Based on this information, we can infer the following local AI uses for these processors.
| Hardware | Typical Local AI Use |
| CPU only | Small models, coding assistants |
| Integrated GPU/NPU | AI PC workloads |
| 8 GB GPU | Small quantized models |
| 16-24 GB GPU | Larger local models |
| Enterprise GPU | Large models and multi-user inference |
Final Thoughts
In this article, I explored the possibilities of running AI locally and found that the technology is far more accessible than many people would assume. I differentiated it from enterprise private AI platforms such as VMware's VPAIF, which provides organizations with secure, scalable environments for deploying AI workloads across the entire organization. Local AI offers a simpler approach that allows individuals and smaller teams to run large language models on their own hardware. The biggest advantages of both private AI and local AI are privacy, data control, cost management, and compliance, since information stays on systems that organizations own and manage.

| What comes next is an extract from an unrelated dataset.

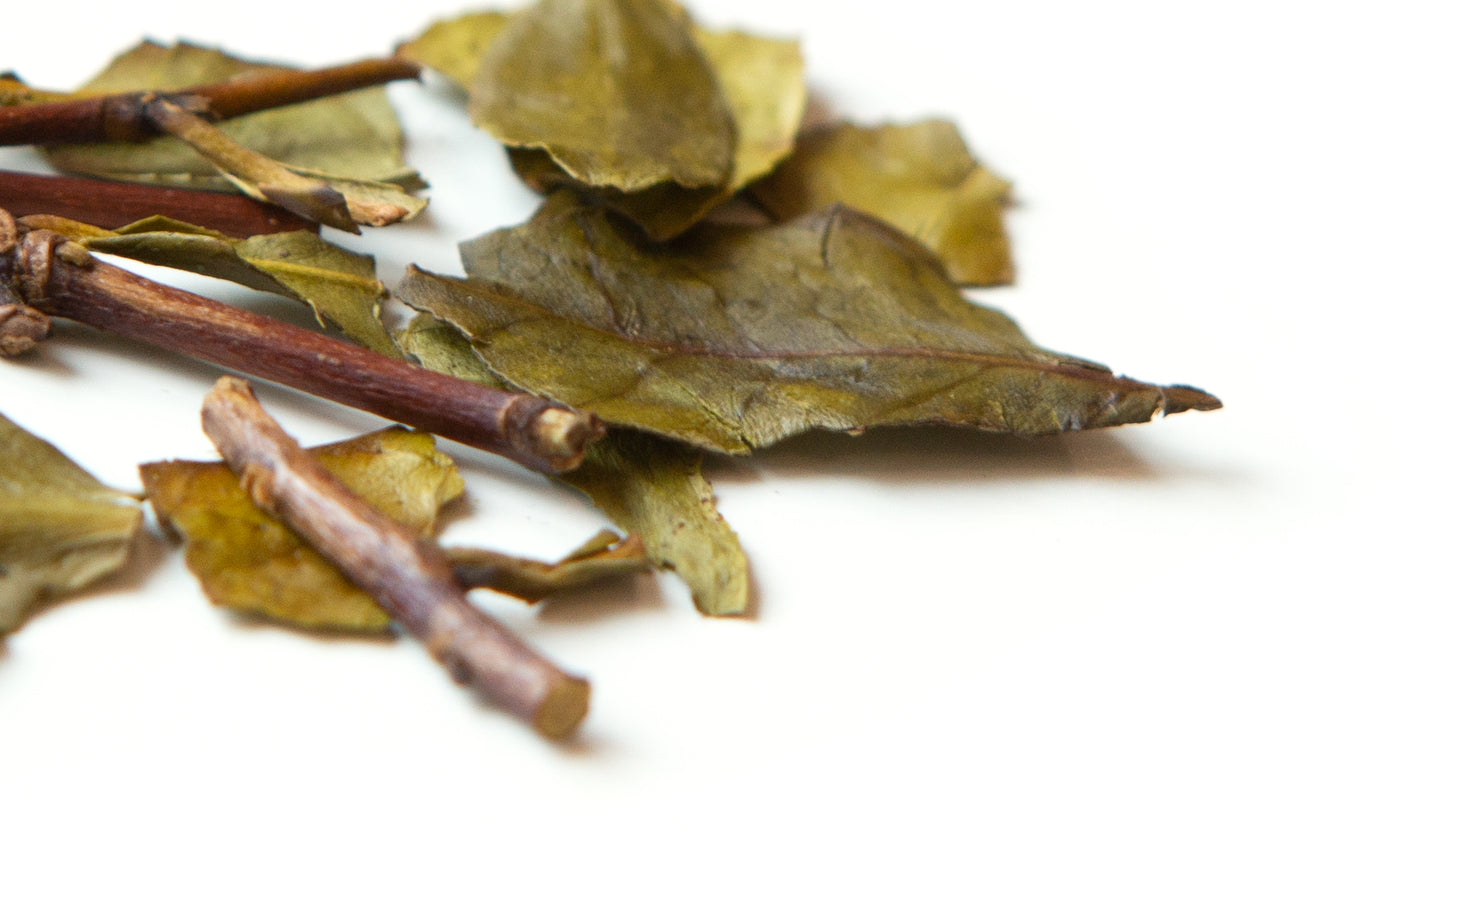 Branch tea from the Terrasses de l'Arrieulat
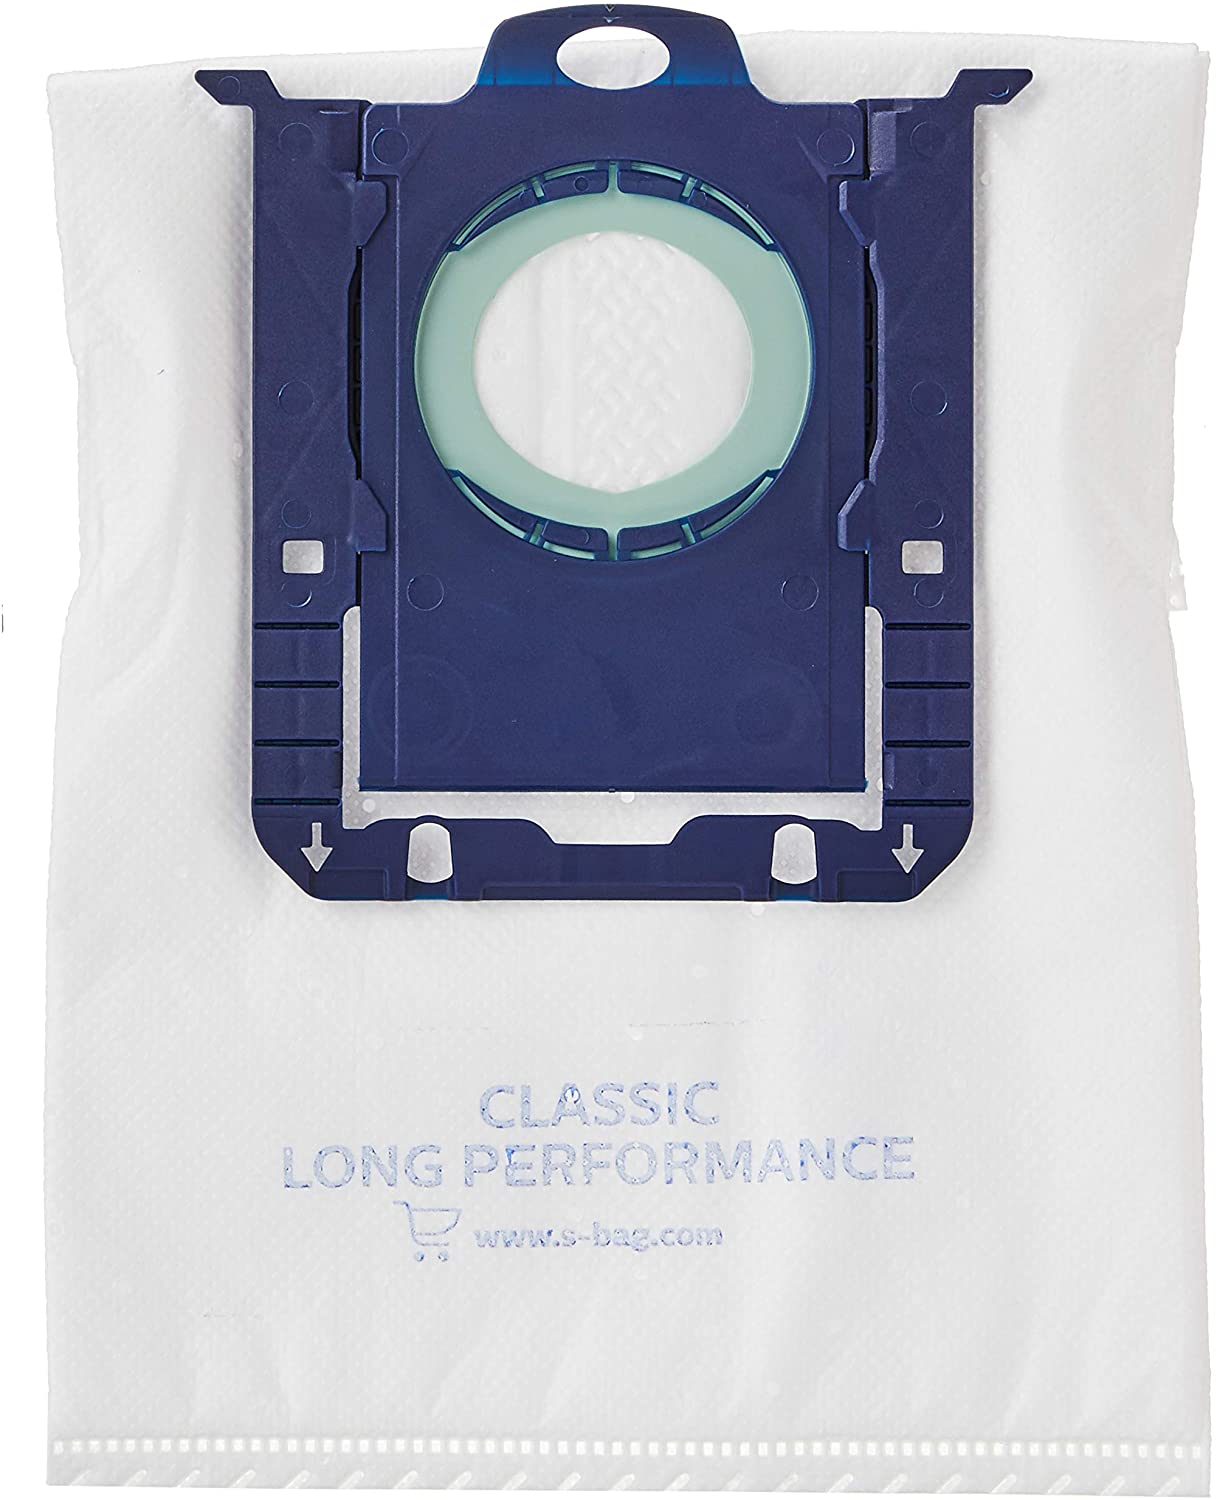 Philips FC8021 S-Bag Classic Vacuum Cleaner Bags - Pack of 4

One of the more interesting things I discovered is that expensive GPUs are not always required, as many AI models can run on CPUs, though dedicated acceleration dramatically improves performance. The key is to match the model to the available hardware, whether it's physical or virtualized.
A successful local AI deployment is less about having the most powerful system and more about understanding the relationship between hardware, models, and software frameworks. Free, easily accessible tools like LLMfit simplify this process by analyzing hardware capabilities and recommending models that run effectively, while Ollama makes interacting with local LLMs as straightforward as using cloud-based chatbots. I also used benchmarking tools such as Geekbench AI to measure CPU, GPU, and NPU performance.
Hopefully, this article showed you how local AI is becoming a practical option across a wide range of systems, from enterprise servers to modern laptops, giving users more control over where and how their AI workloads run.